You may be wondering what was worth being so thankful for. "Did he meet some shamans or something?" To the best of my knowledge I didn't meet a single shaman while I was there. It seems everyone insists there are many shamans in the Jirisan Mountains but nobody seems to know where they are. No, I hiked. I hiked the mountains and they taught me great things. One said, "Hey, Eli, I'm a mountain. But you look like you're carrying more on your shoulders than I am! Lighten up!" I've been trying to do this "lighten up" thing faster and more efficiently ever since then. The last hike I took, the most intense hike I've ever done, where near the peak I was climbing a steep, stony path, with a foot of snow on the ground, and a misty haze of icy snow blowing through the air. I made it to the peak, Nogodan, with the help of three resilient climbers I ran into.

I was so cold and so tired, I wasn't sure if I could make it back down. But I soon realized that those steep, slippery, snowy paths were a lot easier to go down than up. I skied, I ran, and I frolicked. It was a joy. As I went down I offered up to the mountain that difficult, wonderful, joyful experience and I noted how far I had come to get there and prayed I could be shown something after all this. I didn't expect to find a shaman at that point and even before I got there, I was ready for the fact that I might not find any. All you need is the trees, the earth, the rocks, the streams, and the mountains anyway. Everyone knows that.
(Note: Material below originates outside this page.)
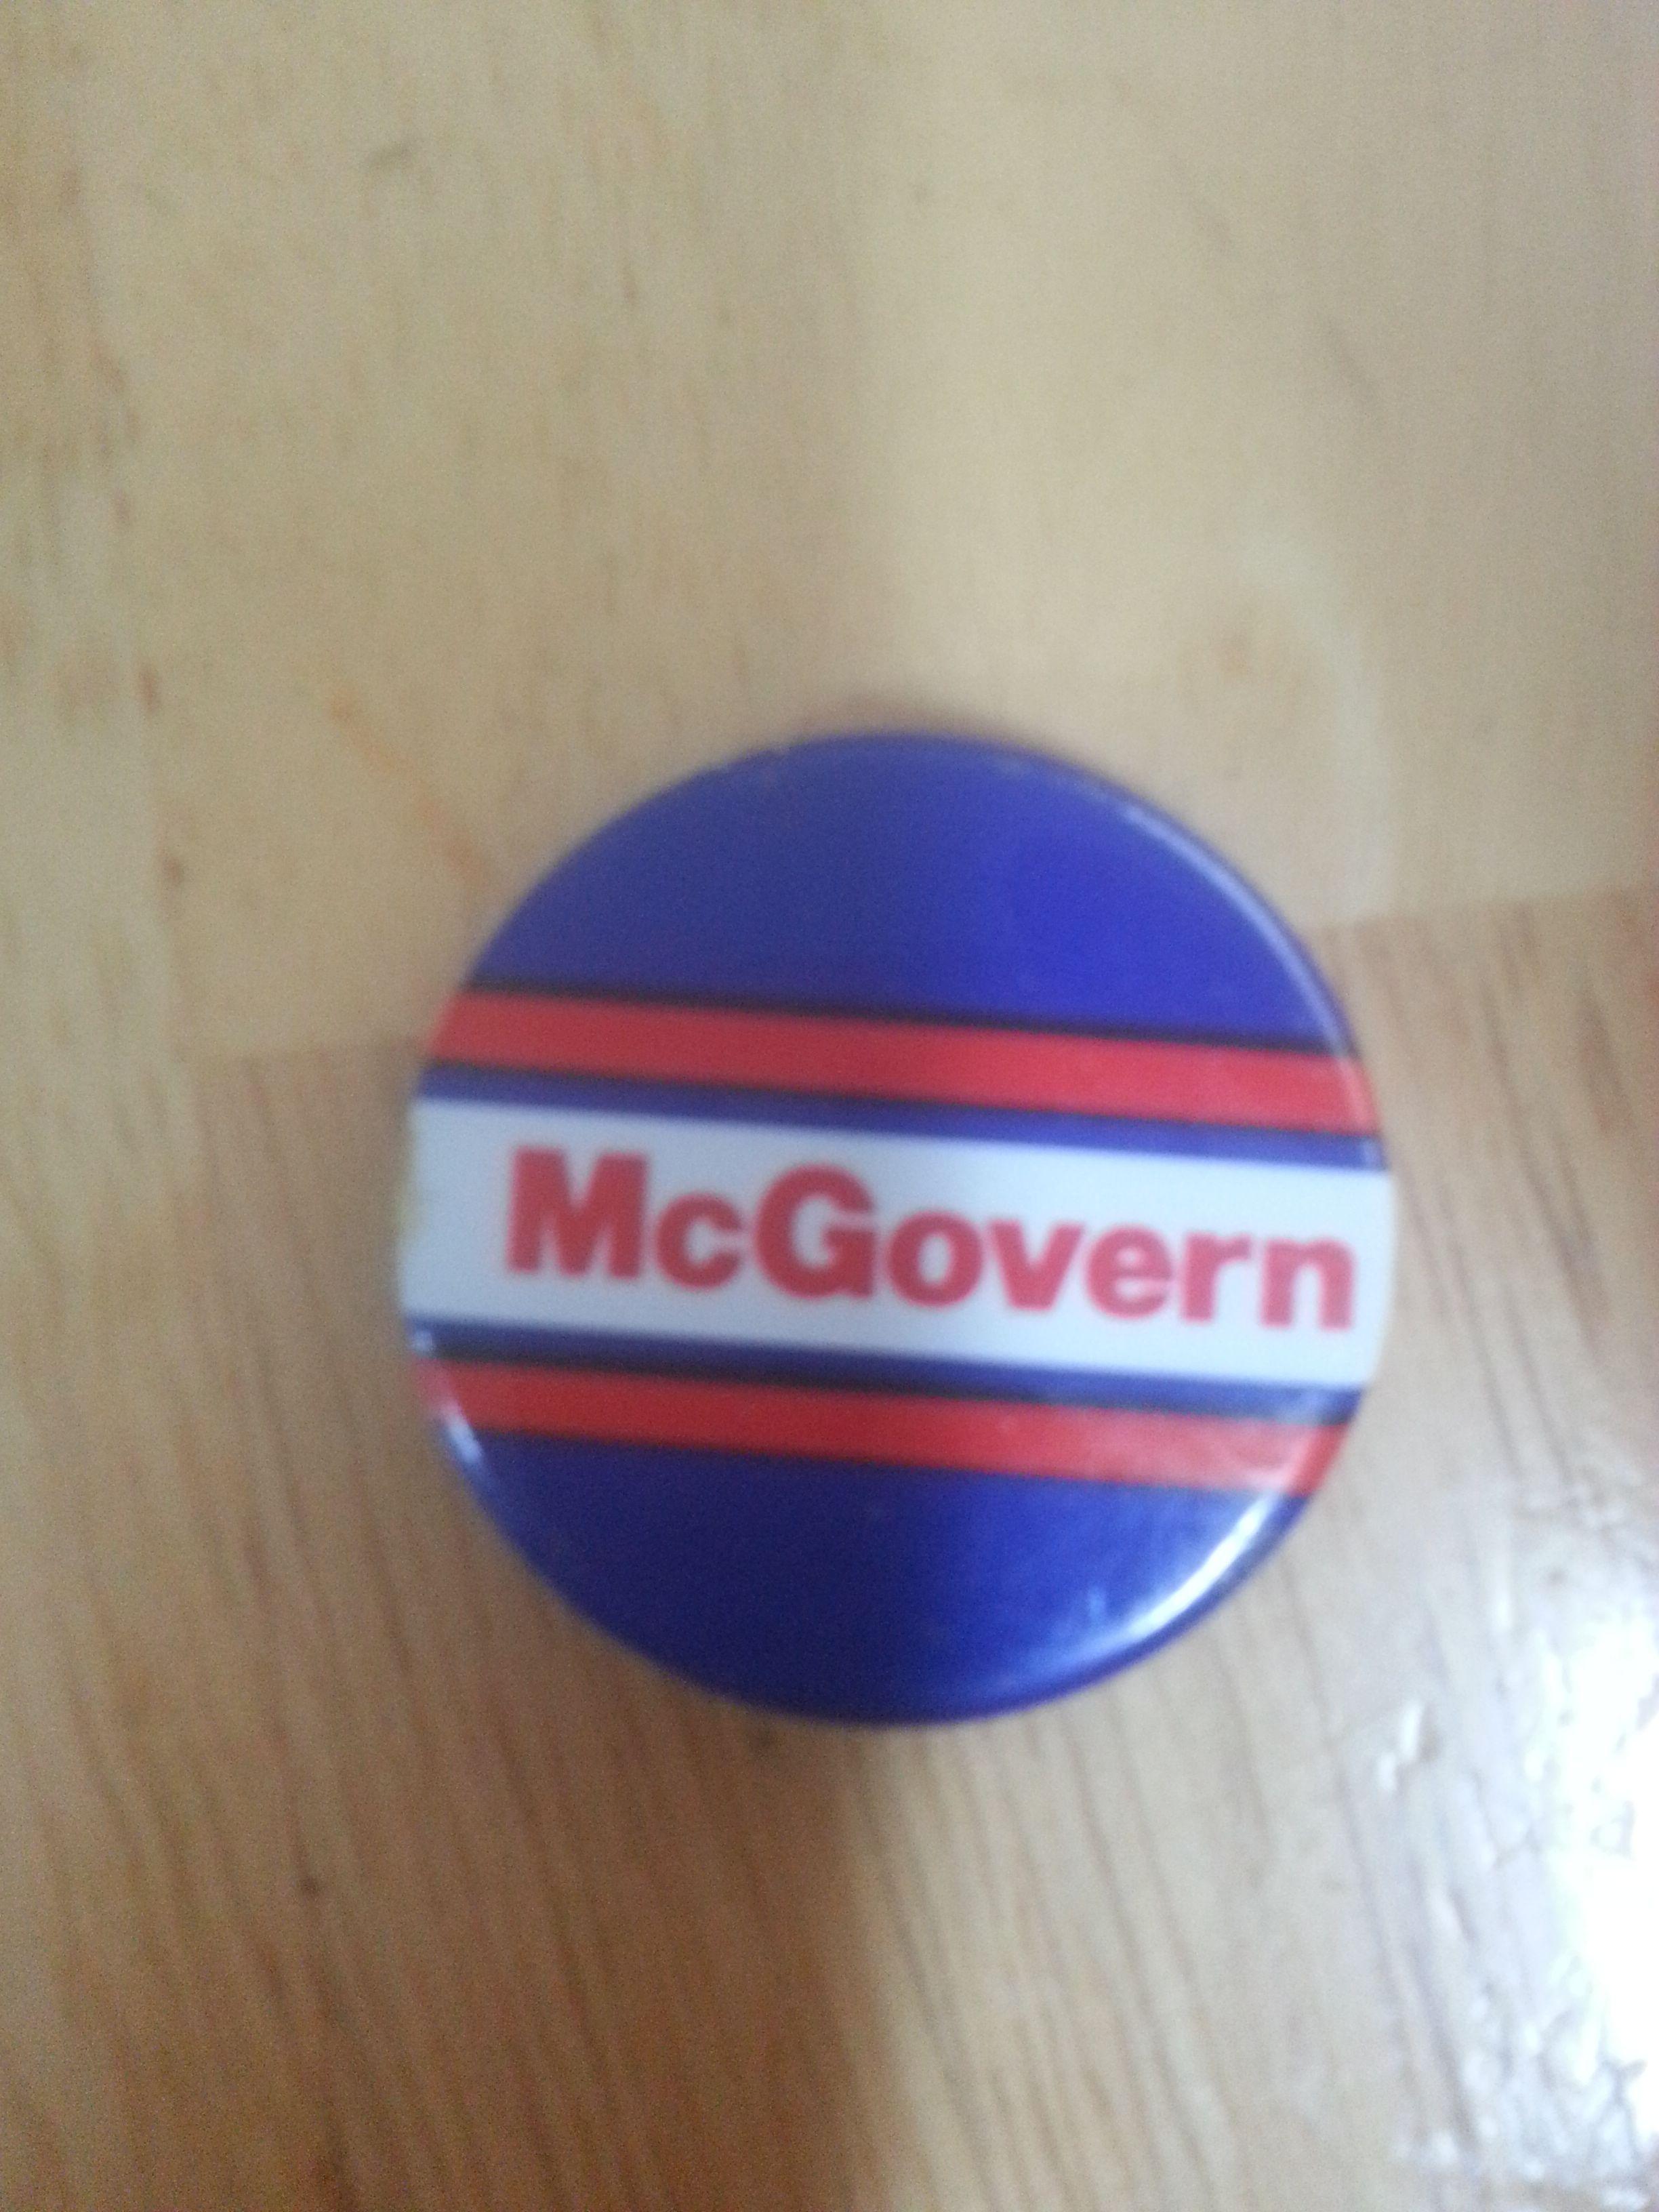 McGovern button Mcgovern, Tech logos, School logos

Later that day as I wrote an e-mail to my Grandmother Verna, noting the wise observation she had: she said that I might find a shaman but in the end I was really going to the mountains to find God (before writing that she said, "Now don't laugh when I say this but..."). Thinking and writing about such things and telling her about my newest travel plans I realized something: this whole travelling and writing thing is pretty cool. Something came over me and I just laughed about it. I've felt guilty that I'm not doing more to help the world. At the same time I've felt guilty for being too serious of a guy with family and friends! In general I realized that who I am, what I'm doing, isn't so bad. I search for God where I can find her and I serve the ancestors however I can. I learn an unbelievable amount of information, skills, and life lessons while I travel and I write a goofy newsletter that I hope does something for someone somewhere.

I gotta sign-off now or I'll never send this! You all take care. More to come soon!